Azarão vira opção menos problemática para acabar com crise sobre chapa do PL no Rio

Considerado o azarão entre os possíveis nomes para concorrer ao Senado pelo PL no Rio de Janeiro, o líder do PL na Casa, Carlos Portinho, se tornou a alternativa menos problemática para o partido acabar com a crise em torno da definição da chapa no estado.
Além dele, o líder do PL na Câmara, Sóstenes Cavalcante, e o deputado Carlos Jordy desejam concorrer a uma cadeira na Casa comandada por Davi Alcolumbre.
Até semanas atrás, o nome de Portinho era praticamente descartado, em função da avaliação de Jair Bolsonaro de que ele não alcança o eleitorado mais radical.
A crise em torno da definição de um nome, fomentando disputas internas, fez com que o senador passasse a ter defensores dentro da legenda.

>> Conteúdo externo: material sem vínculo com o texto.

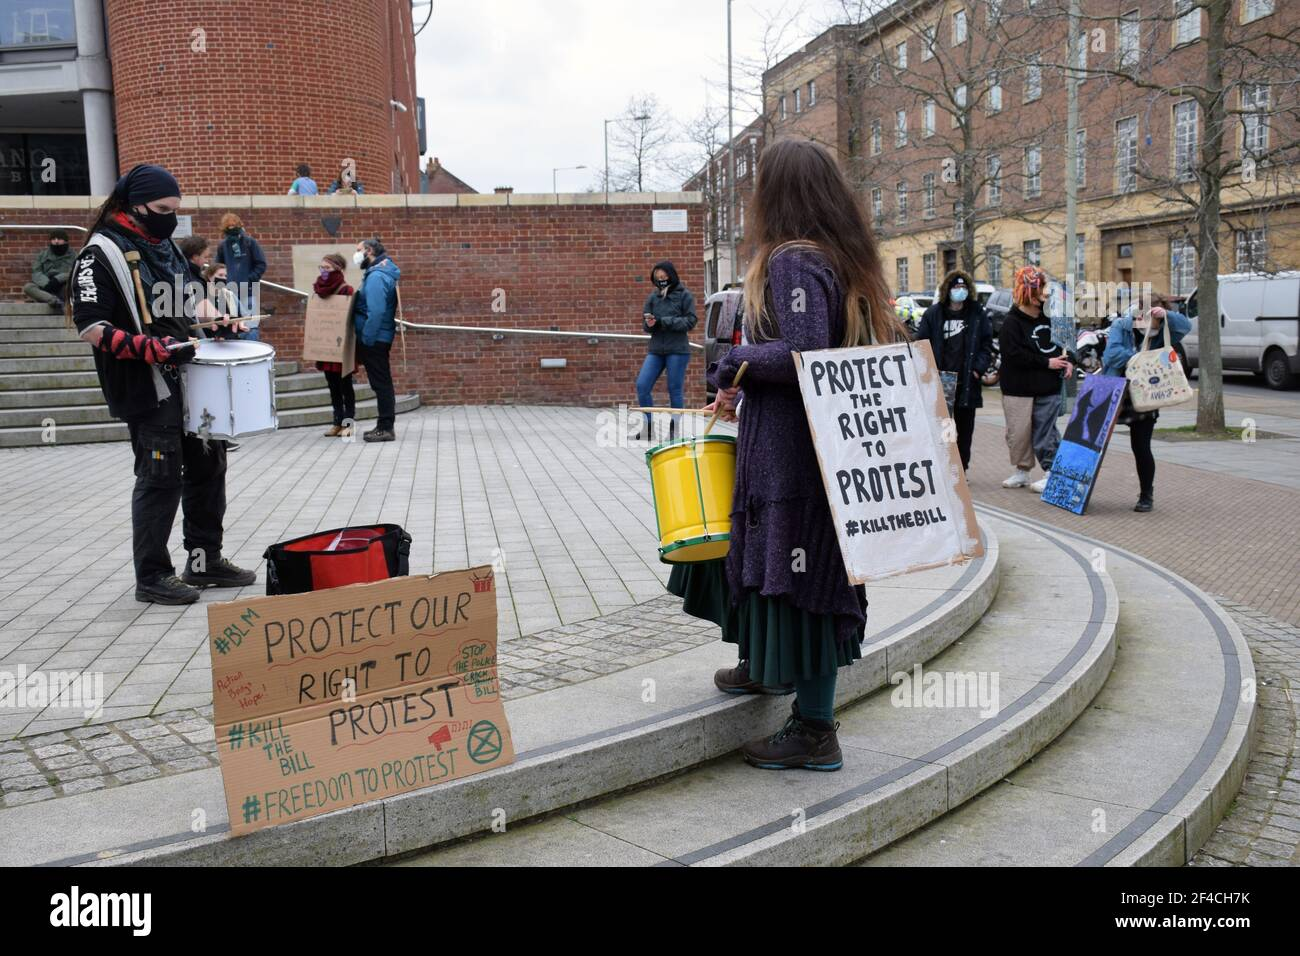 Camine por la Libertad en protesta contra el proyecto de ley de policía, crimen, sentencia y tribunales, que restringirá el derecho democrático a la protesta pacífica. Esto era una C Foto de stock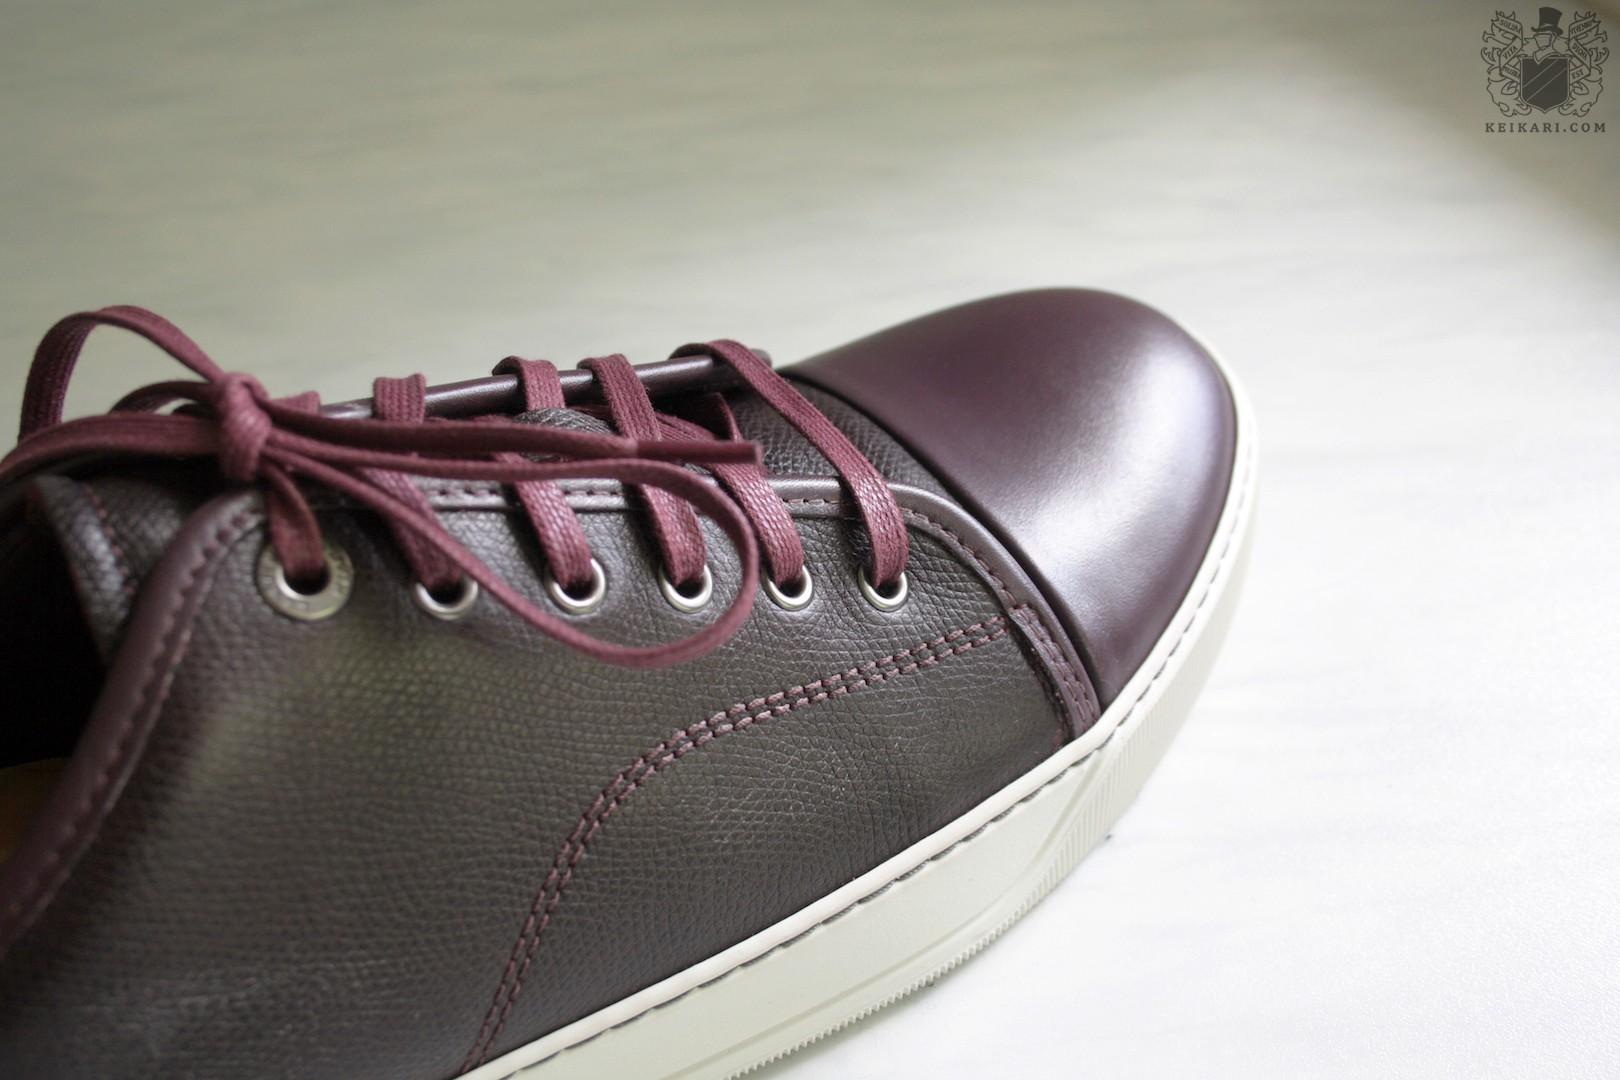 Anatomy_and_review_of_Lanvin_sneakers_at_Keikari_dot_com09.jpg

Esse grupo avalia que a escolha dele seria natural por já ser senador e concorrer à reeleição. Acrescenta que optar por ele pouparia Flávio Bolsonaro, pré-candidato do PL à presidência da República, da batata quente de ter que escolher entre dois aliados da Câmara.
Ainda que não fale tão bem com o eleitorado radical, isso seria suprido pelo bom trânsito que Flávio e Douglas Ruas, pré-candidato do PL ao governo do Rio, tem com esses eleitores.
Em contrapartida, Portinho poderia atrair o apoio do eleitorado que se posiciona mais ao centro às postulações de Flávio e de Ruas.
Há ainda a leitura de que a escolha por Portinho dificultaria os caminhos de opositores para desidrata-lo. A aposta é que se Jordy ou Sóstenes fossem escalados, polêmicas em torno de seus nomes seriam resgatadas pelos adversários.
Havia a expectativa de que o martelo pudesse ser batido ainda nesta semana, mas parlamentares do PL admitem que isso pode levar mais algum tempo e se estender até as vésperas da convenção.